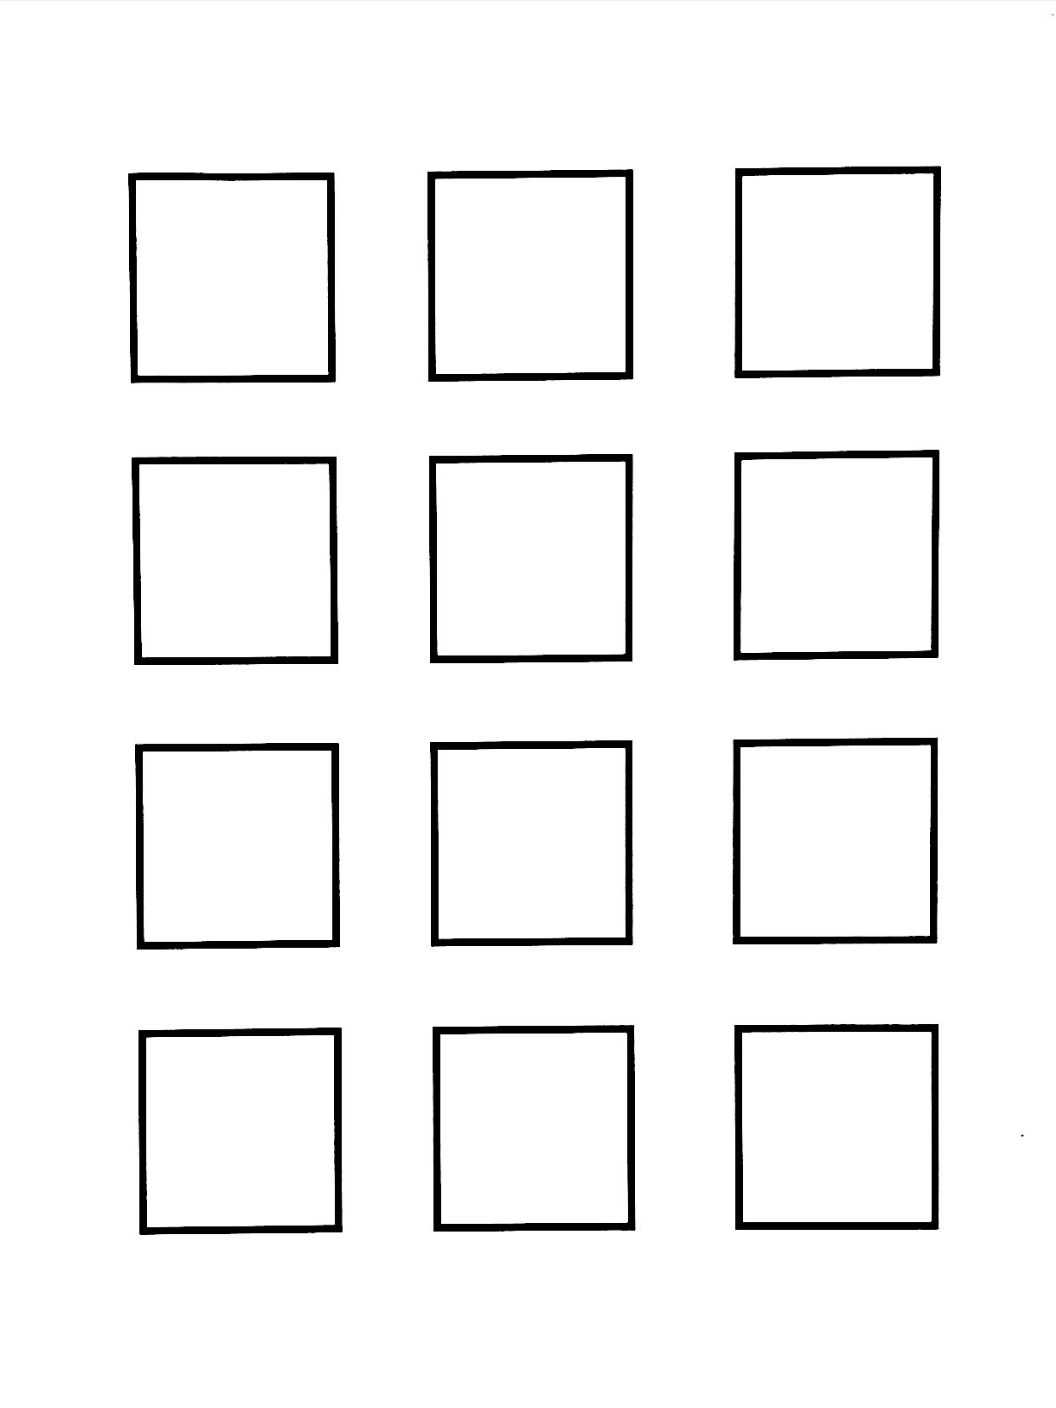 Empty Pattern Practice Sheet.png
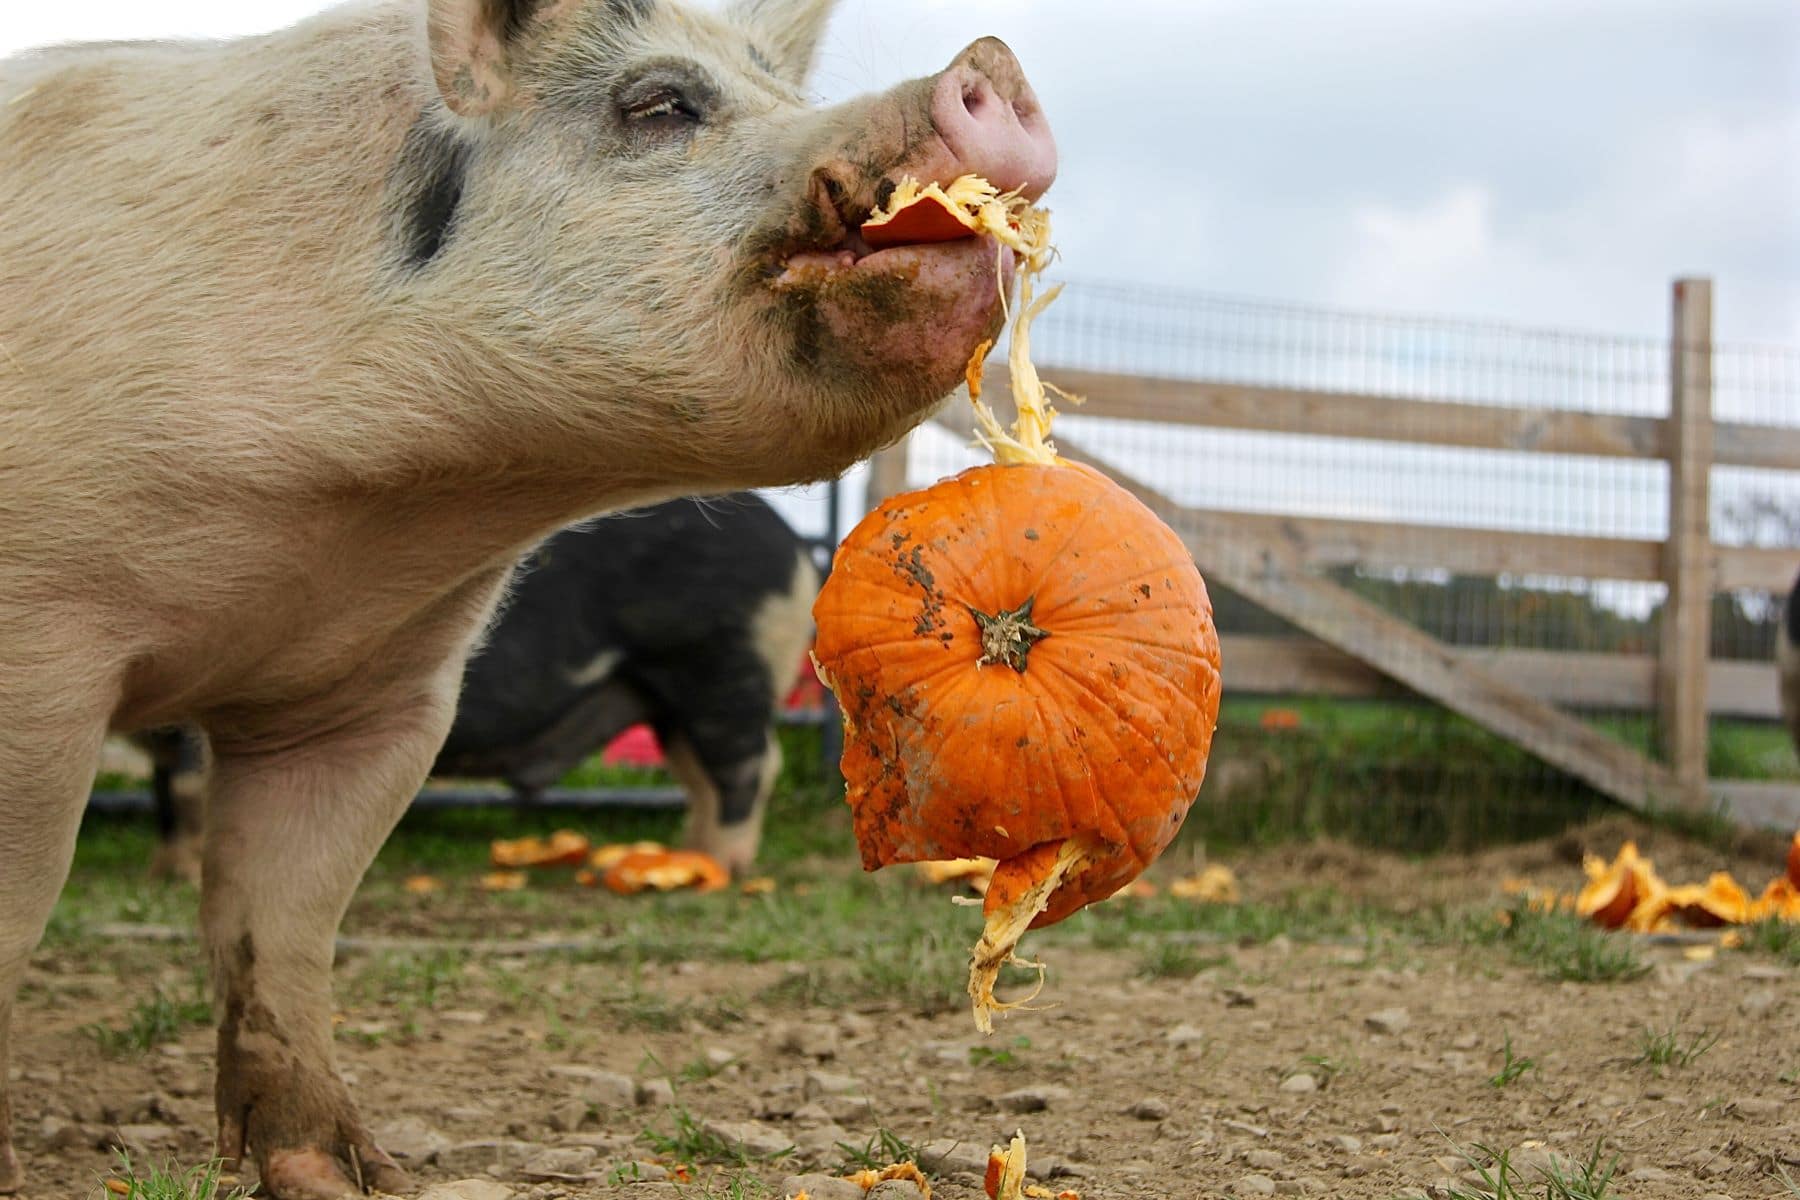 Rescue Pig enjoying eating a pumpkin
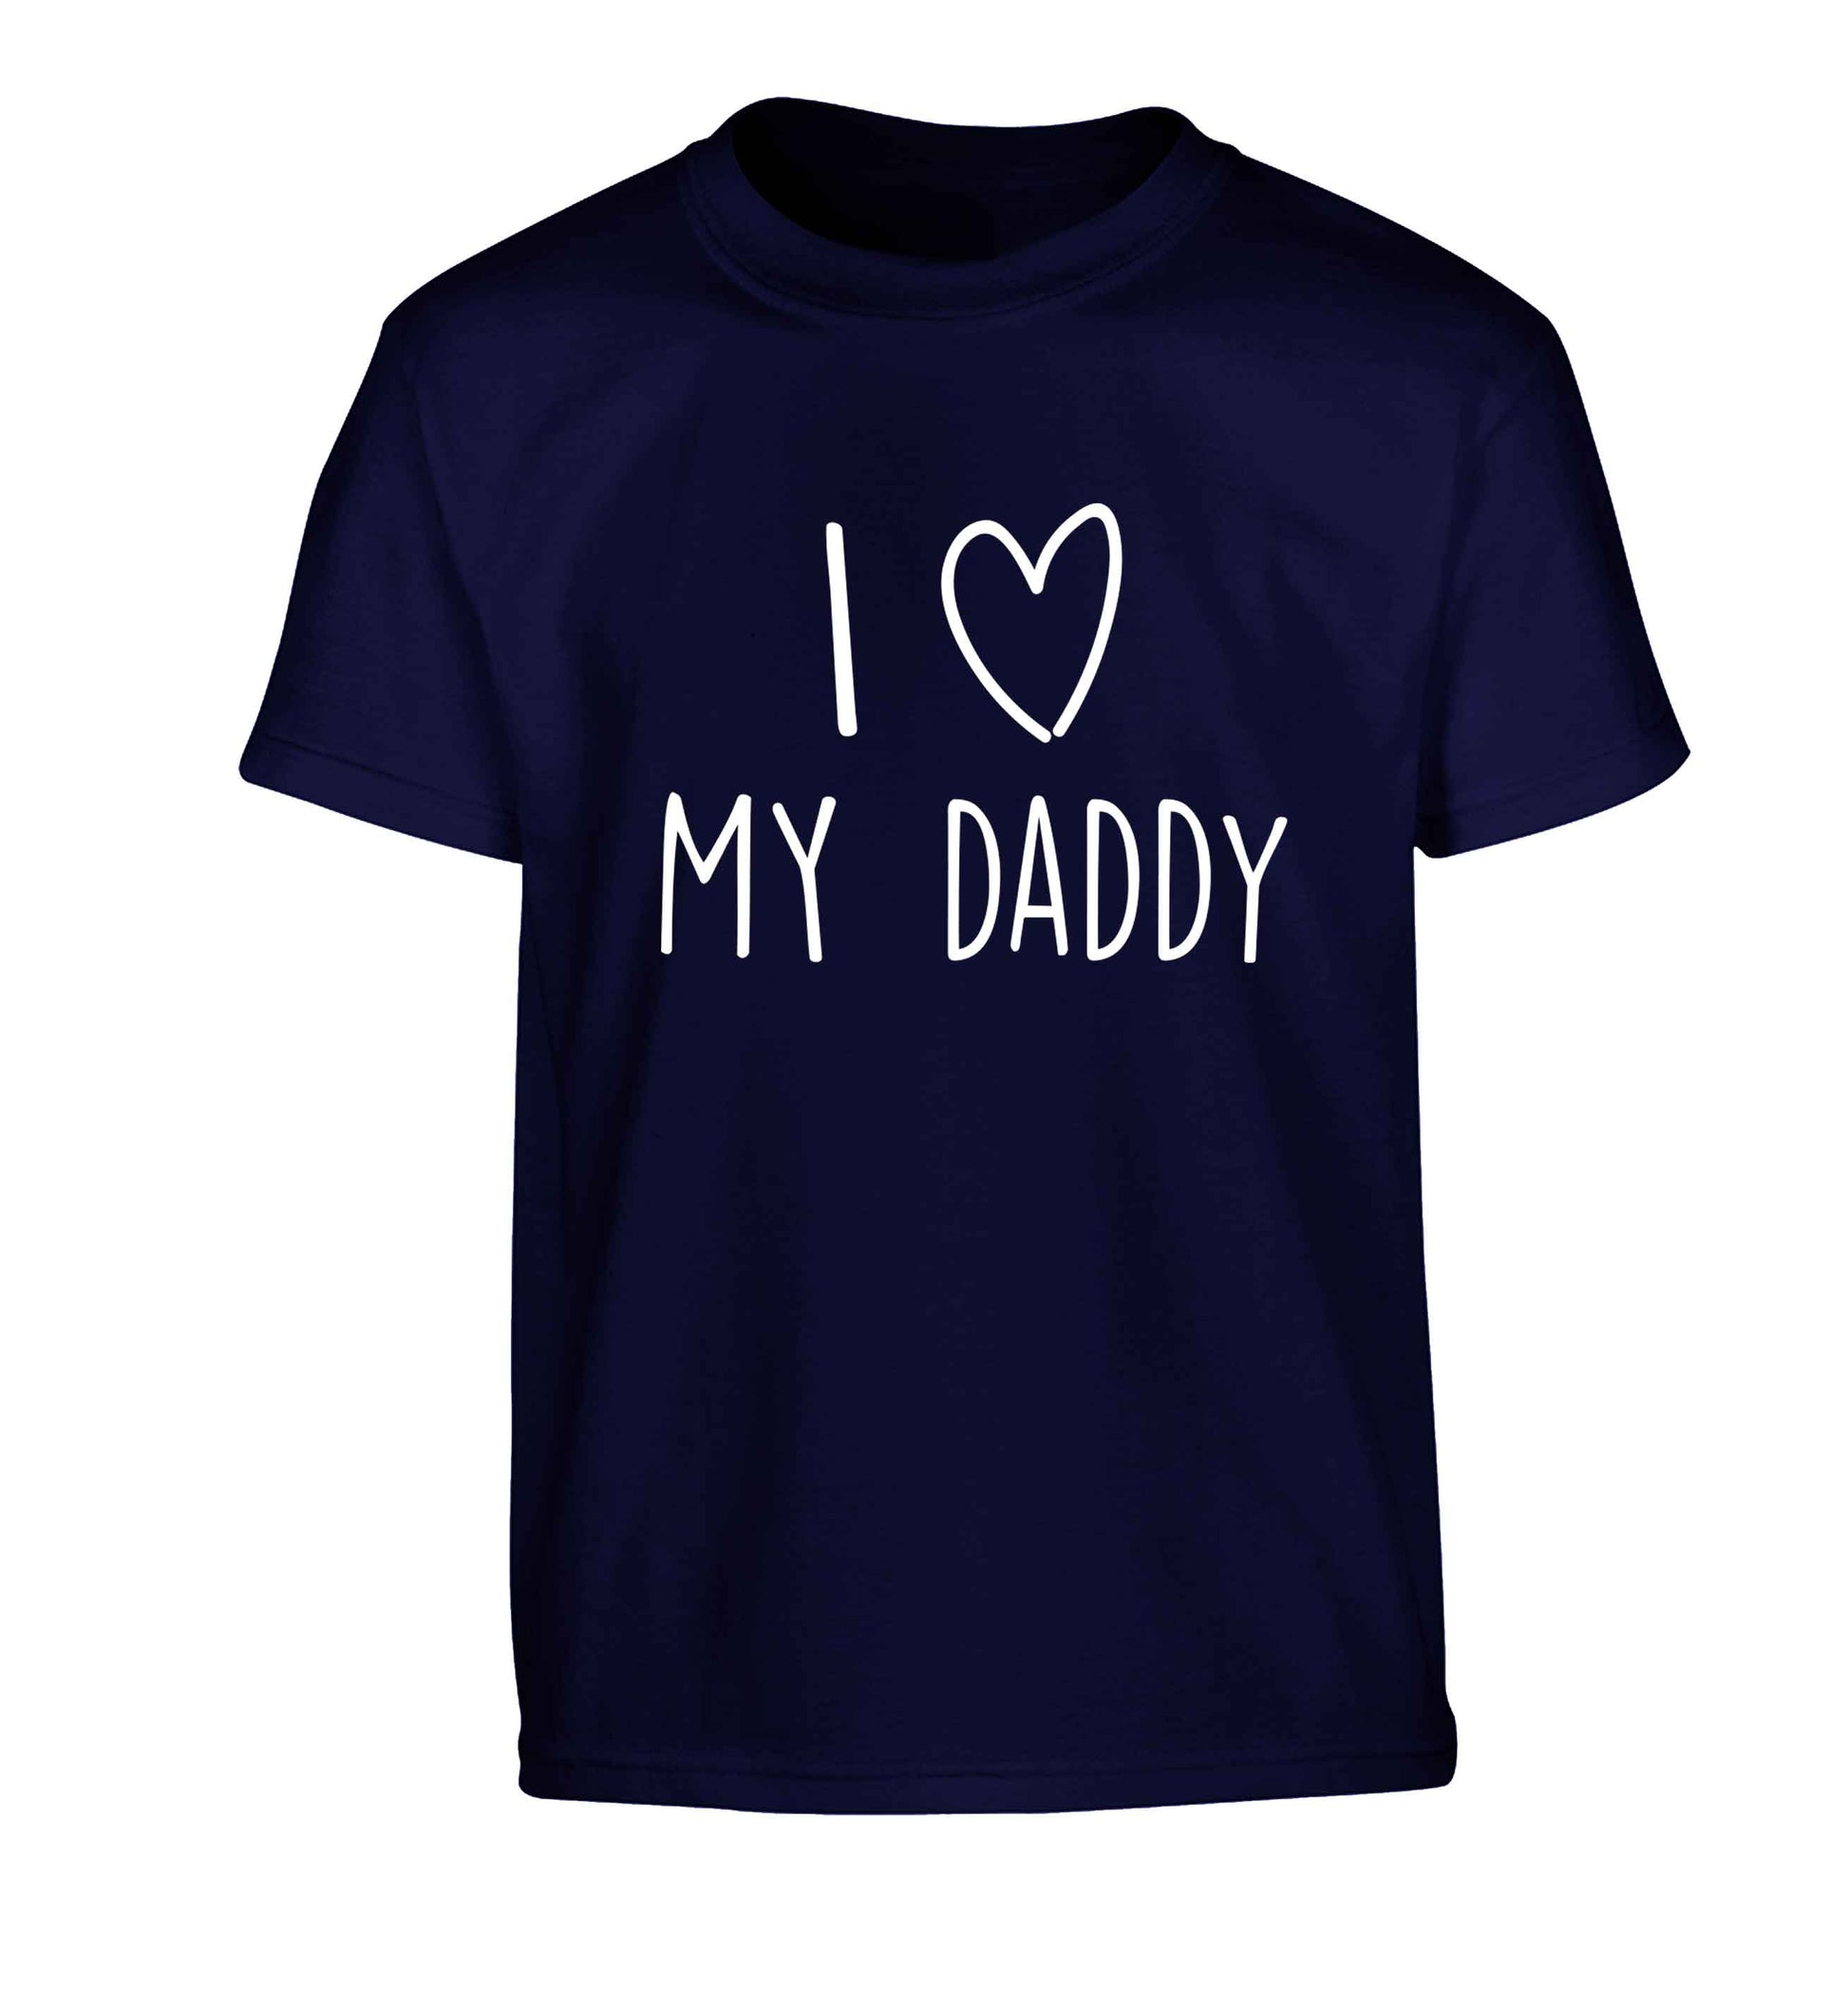 I love my daddy Children's navy Tshirt 12-13 Years
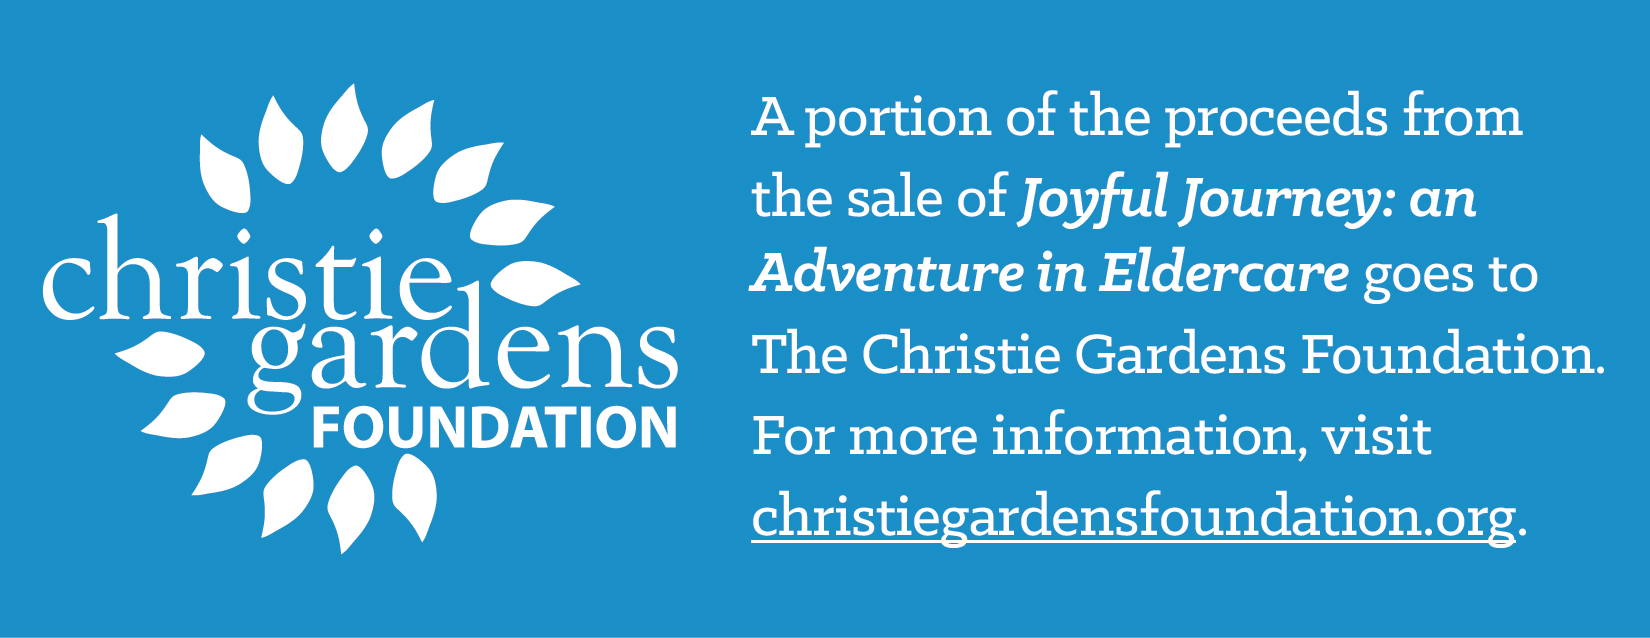 The Christie Gardens Foundation
____
WHAT THE EXERCISE ASKS:
Please set down every line of the listing verbatim, excluding its pictures.

ANSWER TO THIS EXERCISE:
 Empty Pattern Practice Sheet.png
 Rescue Pig enjoying eating a pumpkin
 I love my daddy Children's navy Tshirt 12-13 Years
 The Christie Gardens Foundation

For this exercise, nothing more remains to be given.